Таким образом, перед нами открывается панорама жизни вольного, демократически устроенного города, населенного грамотными людьми, знающими свое гражданское и человеческое достоинство. Городская среда была отлично подготовлена для восприятия самых передовых идей, которые зарождались и формировались в ее же недрах.
Точно так и искусство находило среди новгородцев глубокое понимание. Весь их быт был пронизан искусством: украшалась утварь, строились красивые жилища, хрустальные зерна осыпали убранство женщин, иллюминовались рукописи и даже одежда была затейливой и нарядной. Однажды рыбаки выловили в озере зеленый сафьяновый сапожок с загнутым носком и прихотливо выгнутым высоким каблучком. Долгое время сапожок считали поздней подделкой, пока не нашли в одной из былин его цветистое описание.
Экономический расцвет Новгорода способствовал тому, что к строительству монументальных сооружений были привлечены новые слои общества. Бояре и посадники, выросшие из состоятельных горожан, хранили еще животворную инерцию своей среды, им ближе был конкретно-жизненный мир, чем отвлеченные схоластические идеи. Это жизнелюбивое мироощущение не могло не сказаться на характере новых зданий, лучше всяких слов повествующих о нравственном облике и пристрастиях их создателей, как именитых заказчиков, так и талантливых зодчих.
По всему городу, на левой и правой стороне реки церкви возводили разные люди. Они тем и творили благочестивое дело, и утешали свою гордыню, и руководствовались практическими целями — в каменном подцерковье часто хранились товары, а в тайниках стен — казна.
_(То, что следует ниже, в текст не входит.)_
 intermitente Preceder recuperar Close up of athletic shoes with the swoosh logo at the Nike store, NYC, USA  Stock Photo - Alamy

Храмы строили и разбогатевшие московские гости, такие, как Иван Сырков или Василий Никитич Тараканов, и новгородский боярин Онцифор Жабин, и посадник Семен Андреевич с матерью своей Натальей.
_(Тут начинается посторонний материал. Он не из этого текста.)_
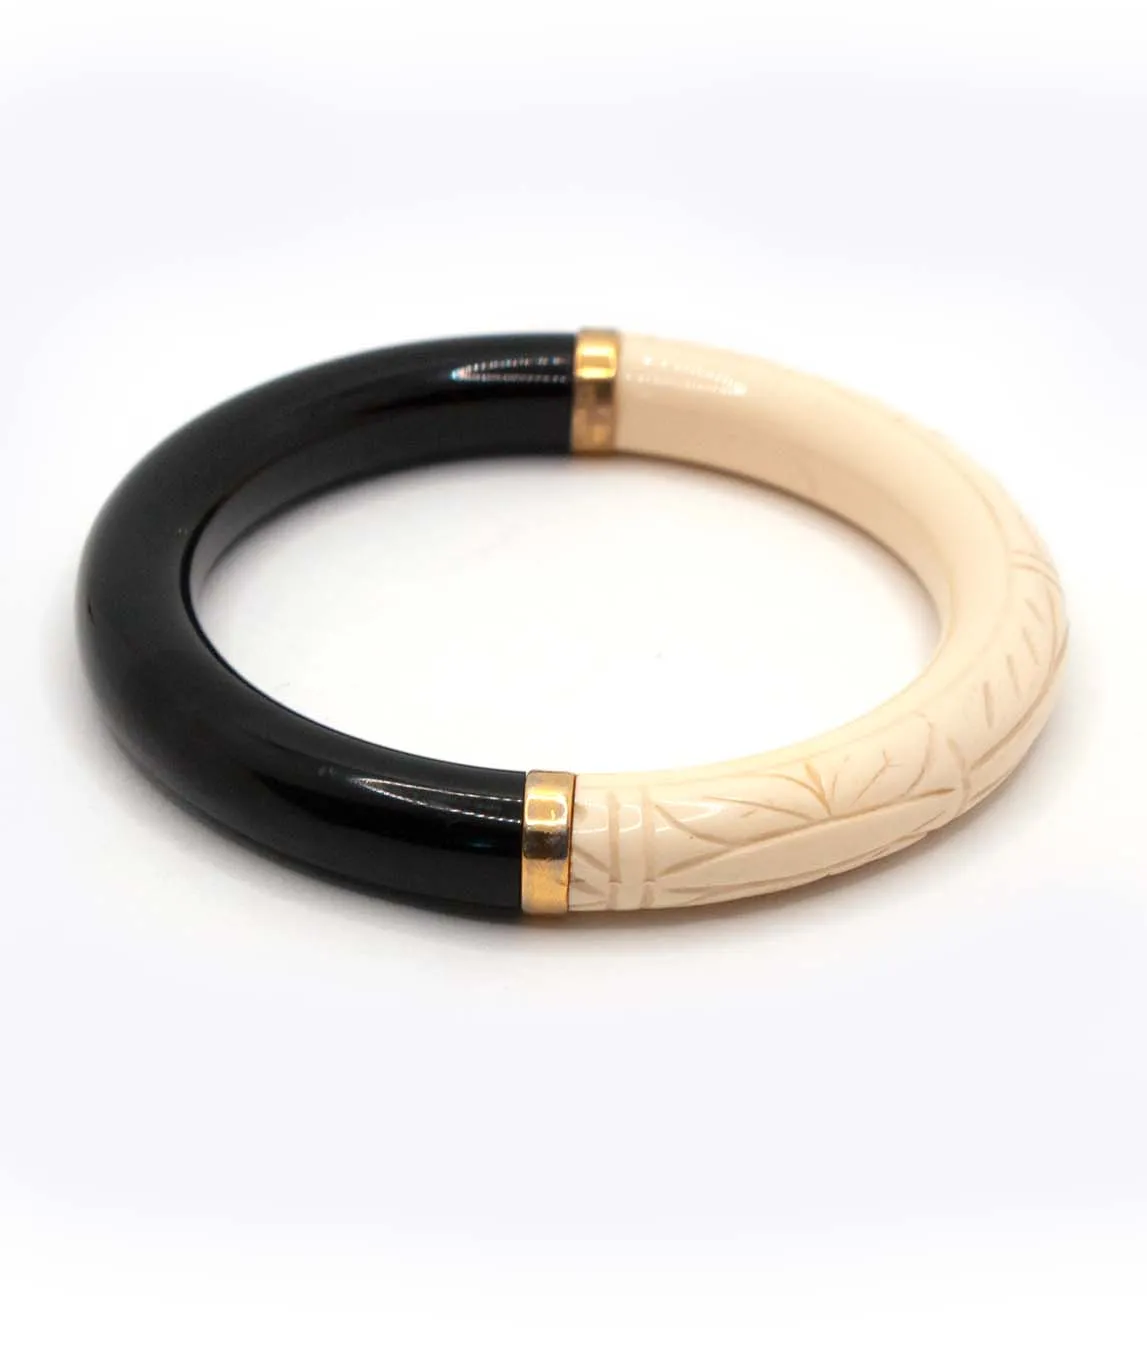 Sideview of black and ivory Givenchy bangle

Семен Андреевич поставил церковь в честь Федора Стратилата на Плотницком ручье, постепенно сменившем название на Федоровский. Цекровь Федора Стратилата знаменовала собой утверждение нового стиля. Квадратный в плане, четырехстолпный кубический храм удивительно строен и пропорционален. Расчлененные лопатками стены завершаются плоскими арками, круто взбегающими вверх, где над высокой трехлопастной кровлей поднимается глава.
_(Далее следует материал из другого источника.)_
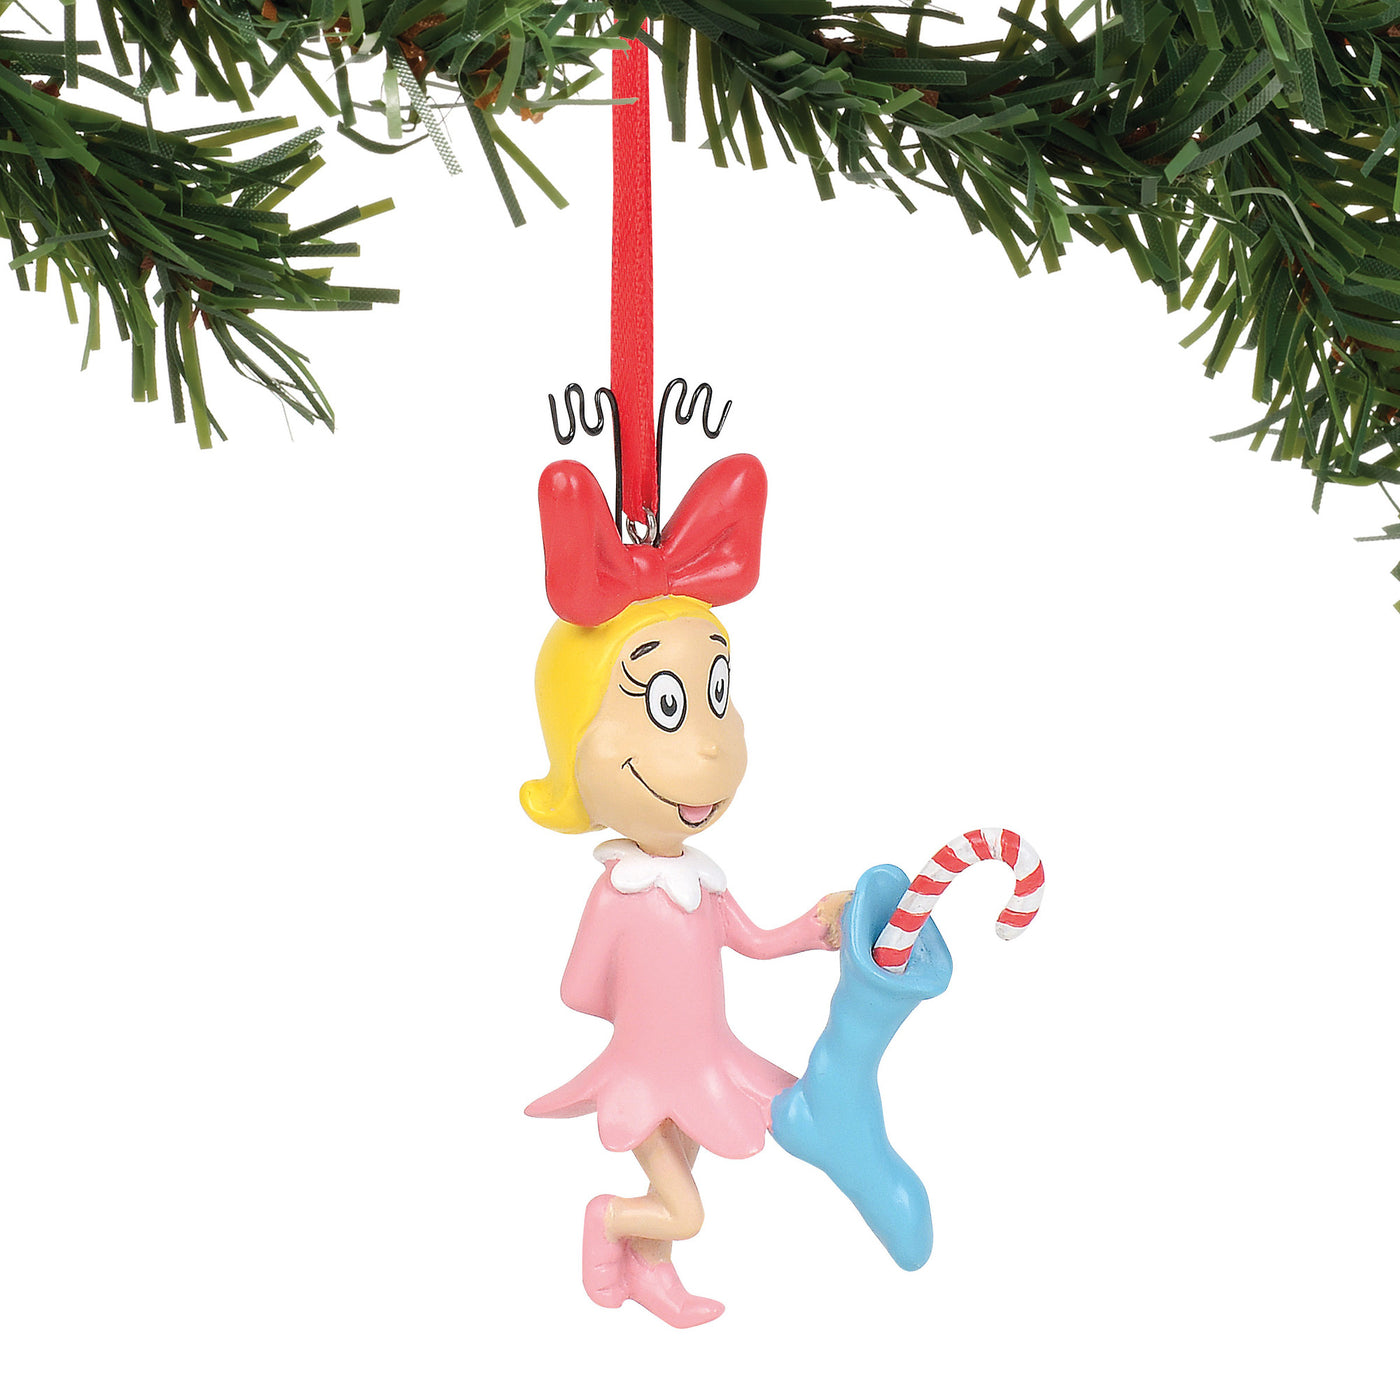 Dr. Seuss Grinch Cindy Lou-Who with Stocking Christmas Ornament New with Box

Церковь Федора Стратилата знаменита своими росписями. В полусумраке трудно разобрать на стенах высветлившиеся от времени и солей блеклые фрески, но увлекательно ходить по каменным плиткам пола, подниматься на хоры и лазить по сооруженным под куполом временным деревянным мосткам. В углу стоят черные юпитеры — только что здесь снимали фрески для документального фильма, и освещенные сильными лампами старые краски, никогда дотоле не знавшие иного света, кроме мерцания лампад и свечей, говорят, горели празднично и ярко. Уменьшение размеров новгородских храмов четырнадцатого века отнюдь не означает утрату былой монументальности. Вовсе нет! И это особенно чувствуешь рядом с собором Спаса Преображения на Ильине улице. Тут дело, по-видимому, в чудесном изменении пропорций. Вместе с большей компактностью объемов здания несколько удлинились в высоту, получили более четкое архитектоническое распределение масс. И вместе с тем новгородская архитектура четырнадцатого века обретает особенную скульптурную мягкость, пластичность. Да, пластичность — я совершенно сознательно приберегал это слово в течение всего рассказа, ибо здесь оно особенно уместно. Грубо отесанные большие плиты известняка и ракушечника, укладывавшиеся в стены, создавали ту неповторимую лепную пластику, которую так тщатся воскресить реставраторы при восстановлении древних зданий.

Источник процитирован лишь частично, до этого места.